Encravado no Andaraí, subúrbio na zona norte do Rio de Janeiro, o Colégio Estadual Chico Anysio, especializado em turmas de ensino médio, tem sido palco de uma revolução pedagógica. Inaugurada há três anos, a escola pensada para ser um modelo de inovação educacional exige que os 300 alunos estudem 7 horas por dia, 3 a mais do que as 4 exigidas pelo Ministério da Educação. As horas a mais não significam mais tempo para copiar o que está na lousa. Cerca de 20% da carga letiva é dedicada a atividades em que os alunos recebem notas pela capacidade de transformar em projetos concretos os conteúdos de que mais gostaram em sala de aula. Em 2014, um grupo interessado em temas relacionados à sustentabilidade se debruçou sobre planilhas de consumo de merendas. O motivo? Eliminar o desperdício mensal de 180 quilos de comida na escola. A meta foi alcançada em quatro meses, após um relatório dos estudantes ajudar a direção na escolha dos ingredientes. A participação dos alunos, que têm de 15 a 17 anos, nos projetos é obrigatória. Eles escolhem os temas preferidos, em geral relacionados com a carreira que almejam para o futuro. Quando um grupo de estudantes demonstra interesse num conteúdo específico, os professores têm autonomia para criar turmas dedicadas a ele. Para ajudar na escolha da profissão, semanalmente os alunos têm encontro individual para receber aconselhamento dos professores.

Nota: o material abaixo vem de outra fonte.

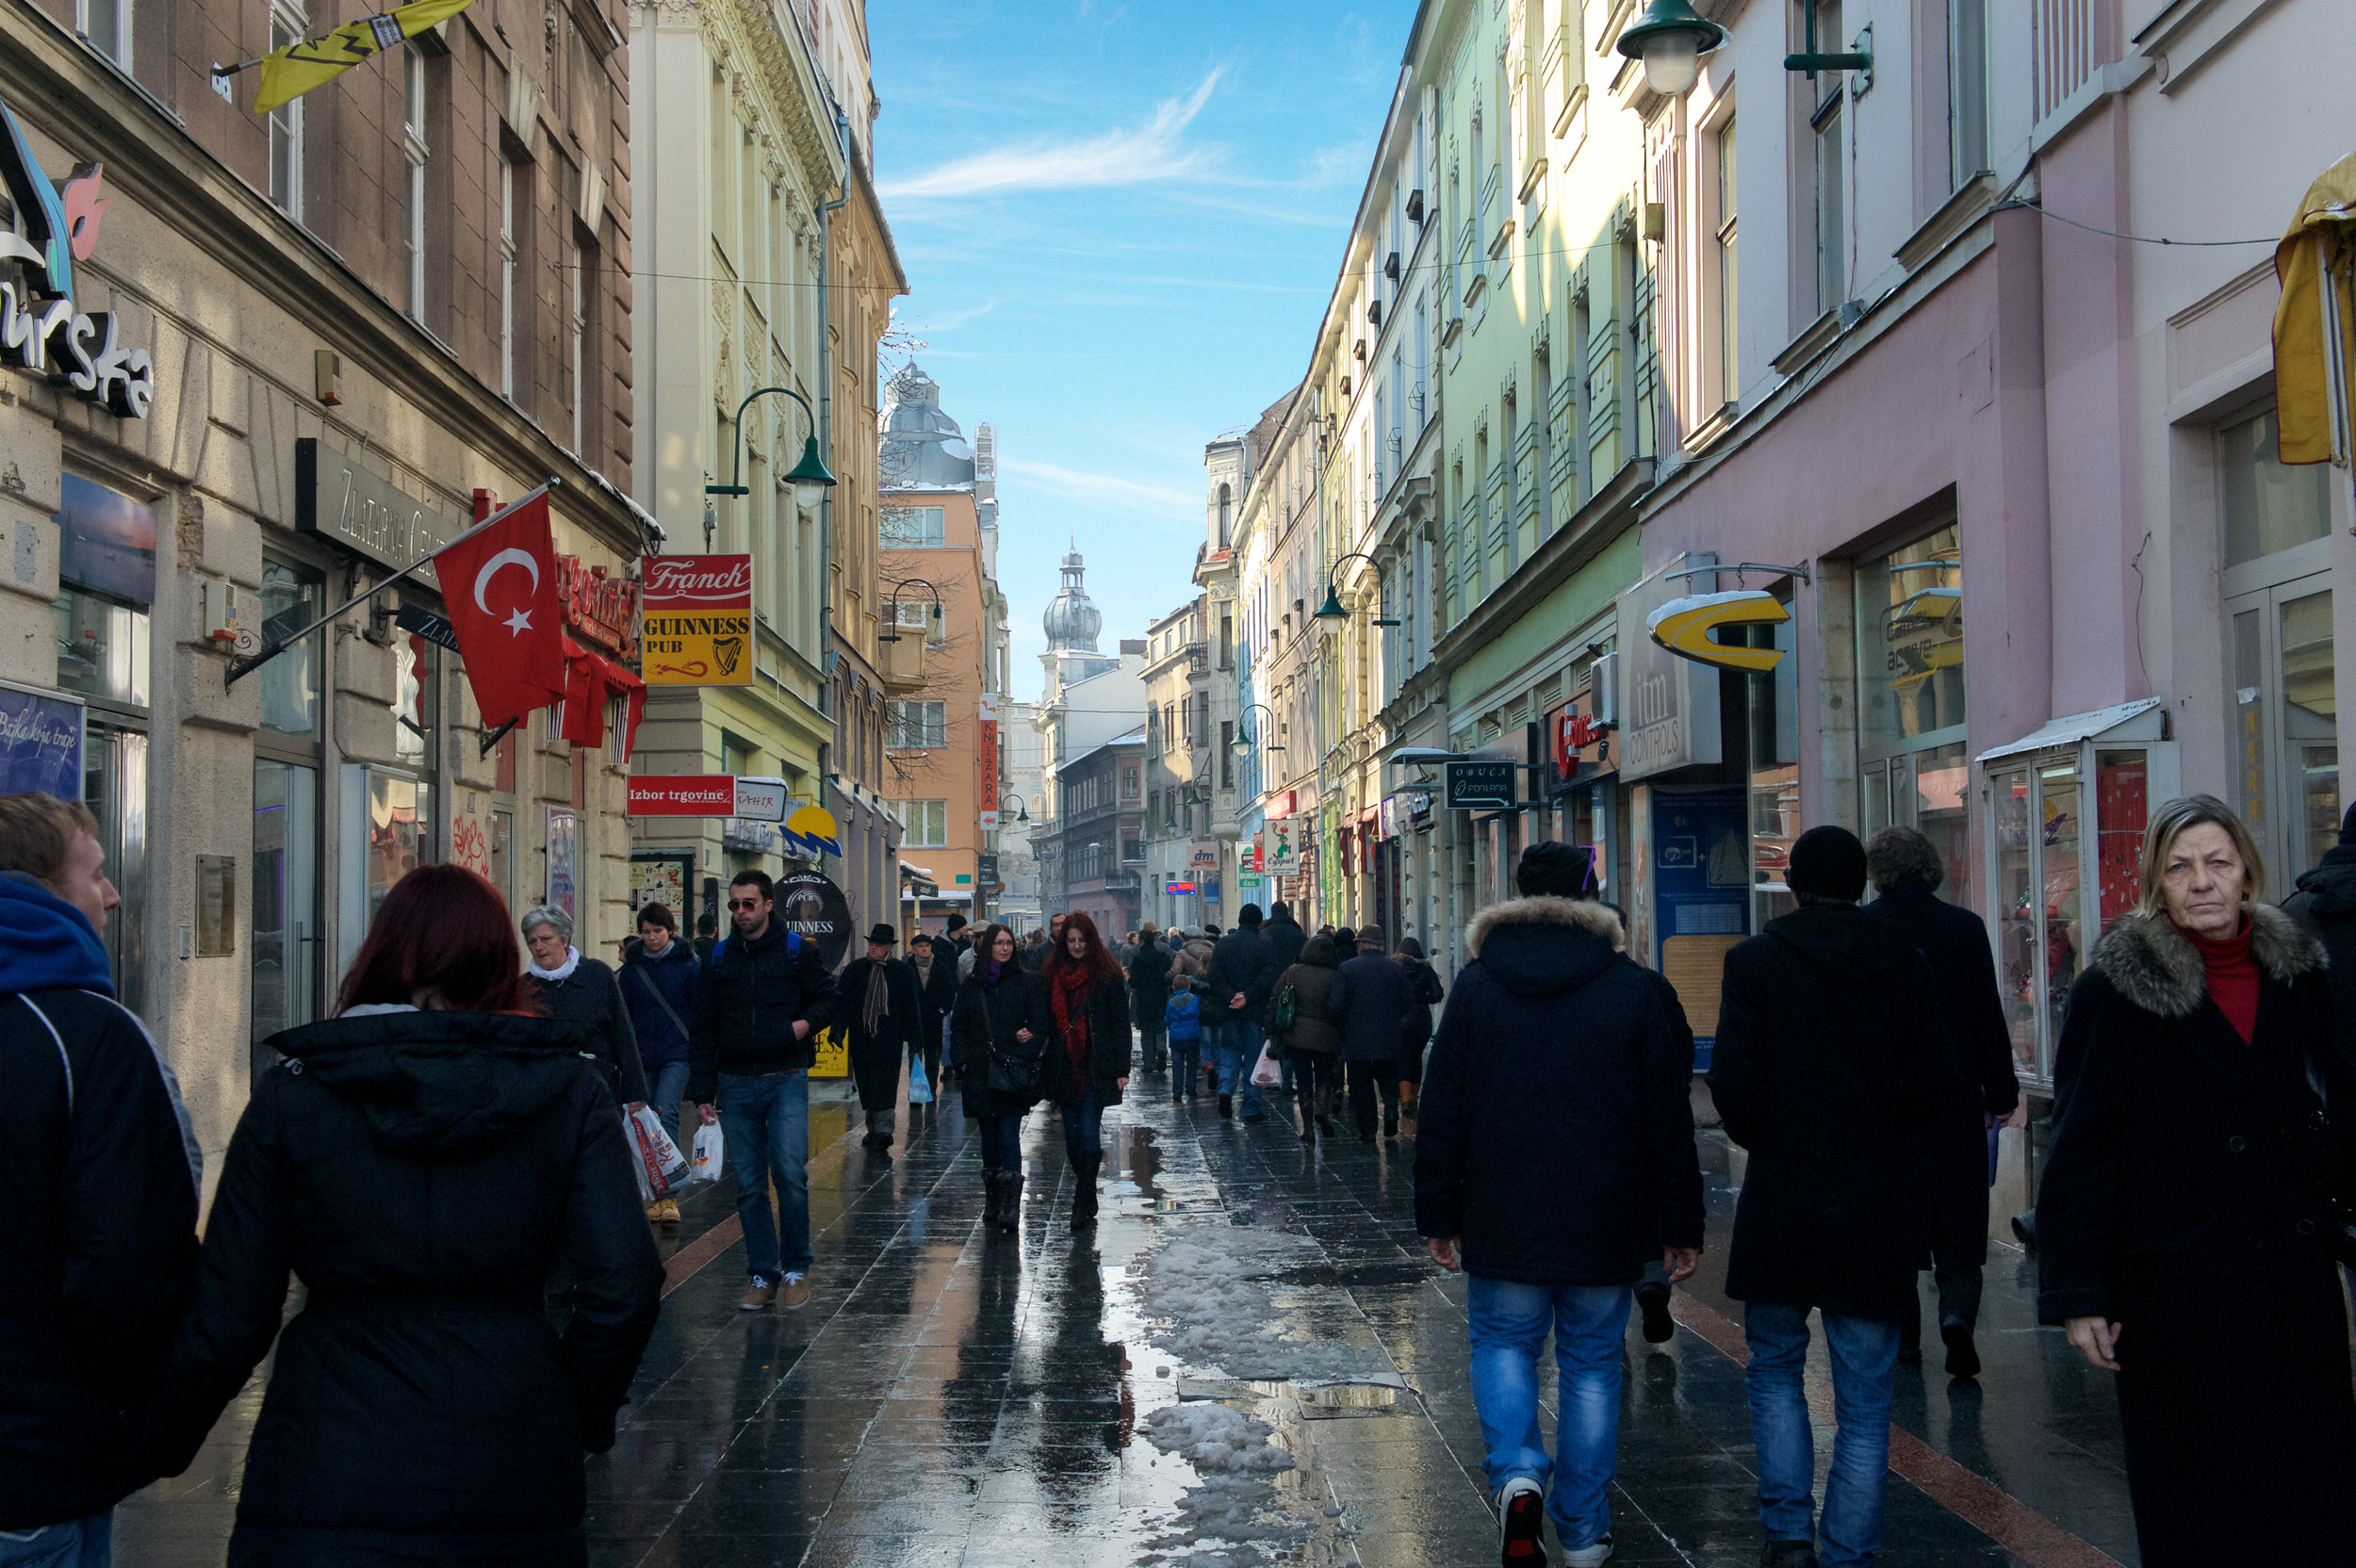 Ferhadija, Sarajevos main shopping and entertainment district.
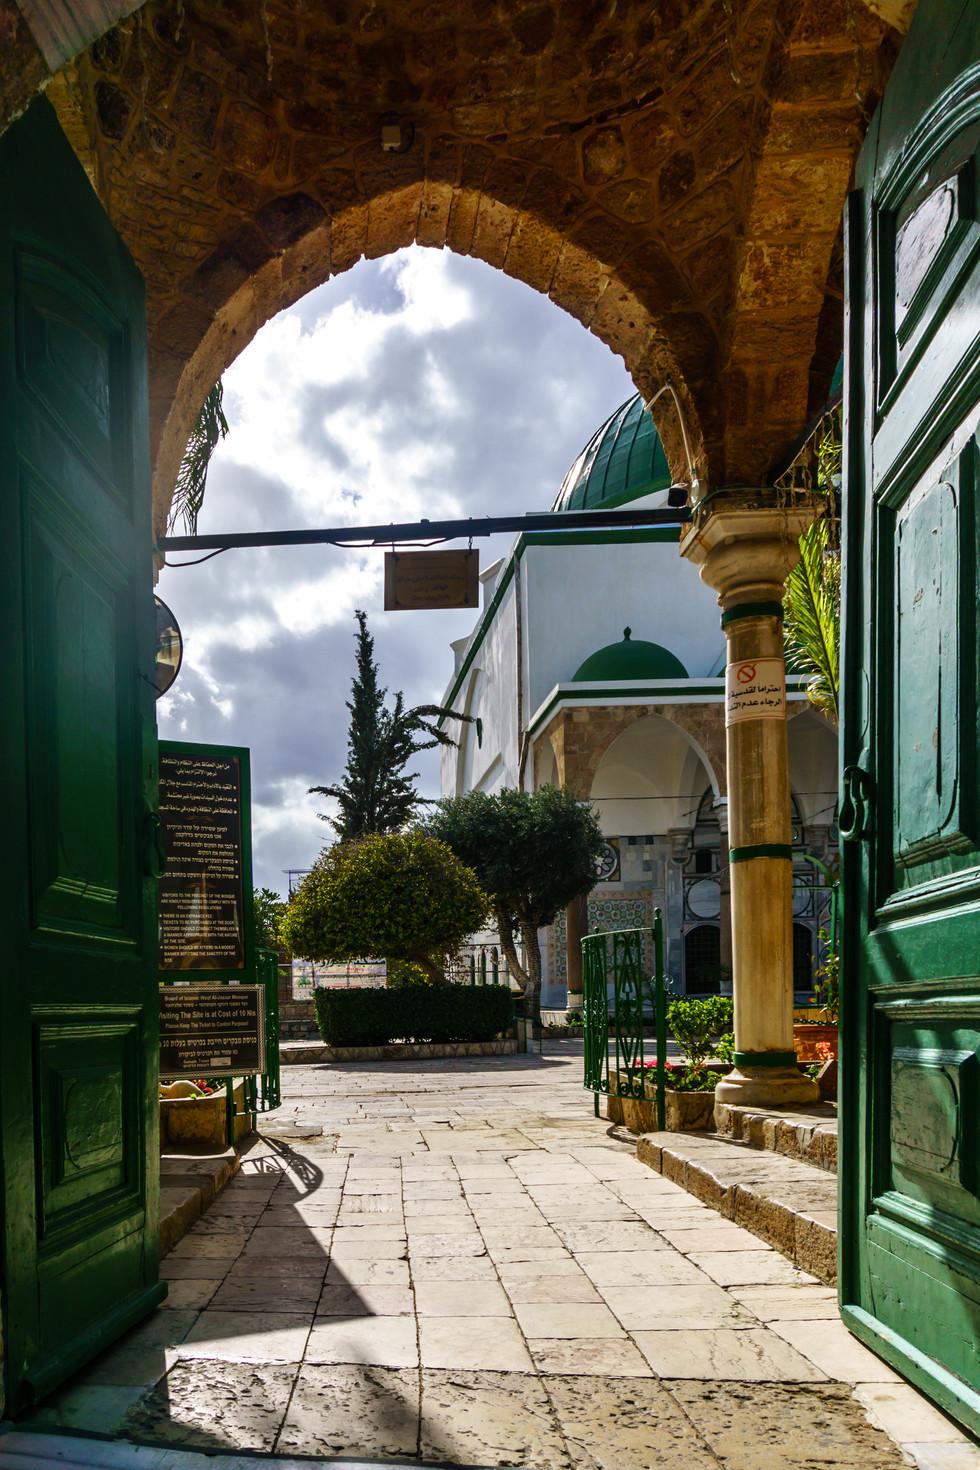 Mosque of el-Jazzar - Outer Entrance

Tamanho zelo em transformar os assuntos discutidos em sala de aula em algo que vai ser útil para a vida do estudante tem feito os alunos do colégio Chico Anysio colherem resultados bem acima da média dos estudantes brasileiros. Da primeira turma que se formou, em 2015, 70% passaram em vestibulares concorridos em universidades públicas. Naquele ano, o colégio ficou em terceiro lugar entre 1 274 escolas estaduais do Rio de Janeiro no Exame Nacional do Ensino Médio (Enem). O índice de abandono dos estudos por ali é zero — no país, em média, um em cada dez estudantes larga os estudos após um ano. A enorme diferença entre a Chico Anysio e a grande maioria das escolas públicas brasileiras fica evidente num cálculo de Ricardo Paes de Barros, economista-chefe do Instituto Ayrton Senna e professor na escola de negócios Insper. Ele usou como base os resultados do Pisa, avaliação do ensino aplicada em 72 países, divulgados no início de dezembro. Se os 33 000 jovens brasileiros de 15 anos avaliados pelo teste em 2015 tivessem um desempenho em matemática igual ao dos alunos do Chico Anysio, significaria dizer que 73% dos estudantes do Brasil dominariam os conhecimentos esperados para eles no início do ensino médio. Hoje, apenas três em cada dez alunos estão nesse patamar, o que coloca o país num pífio 69o lugar em matemática no ranking internacional. Se o padrão da escola carioca fosse o nacional, o Brasil saltaria para o 38o lugar, à frente de países com sólidos sistemas educacionais, como Estados Unidos e Israel. “Os resultados dão pistas de como o ensino médio brasileiro pode melhorar”, diz Paes de Barros, que é uma das maiores referências em educação no país.

Mais uma “jabuticaba

Em 2017, a reforma do ensino médio deverá entrar definitivamente na discussão sobre o rumo da educação brasileira. Em dezembro, a Câmara dos Deputados aprovou a medida provisória sobre o assunto, editada pelo presidente Michel Temer em setembro. O texto deve passar rapida­mente pelo Senado. “Há acordo dos líderes de par­tidos para aprovar a medida até fevereiro, a tempo do início das aulas”, diz o senador Pedro Chaves (PSC-MS), relator do projeto. Se concre­ti­zada, será a maior mudança no ensino médio do país desde os anos 80, quando o ensino profissionalizante foi separado do regular. O que se viu de lá para cá foi o amadurecimento de mais uma “jabuticaba” brasileira: um ensino mé­dio com alta carga de disciplinas obrigatórias — de 800 horas anuais, ante a média de 658 nos países ricos —, divididas num cipoal de conteúdos com pouca relação entre si ou pouca serventia para a carreira dos jovens. Na origem do inchaço está a pressão de sindicatos de professores, que conseguiram que disciplinas como sociologia e história de etnias fossem agregadas ao currículo básico sem o devido aumento na carga horária.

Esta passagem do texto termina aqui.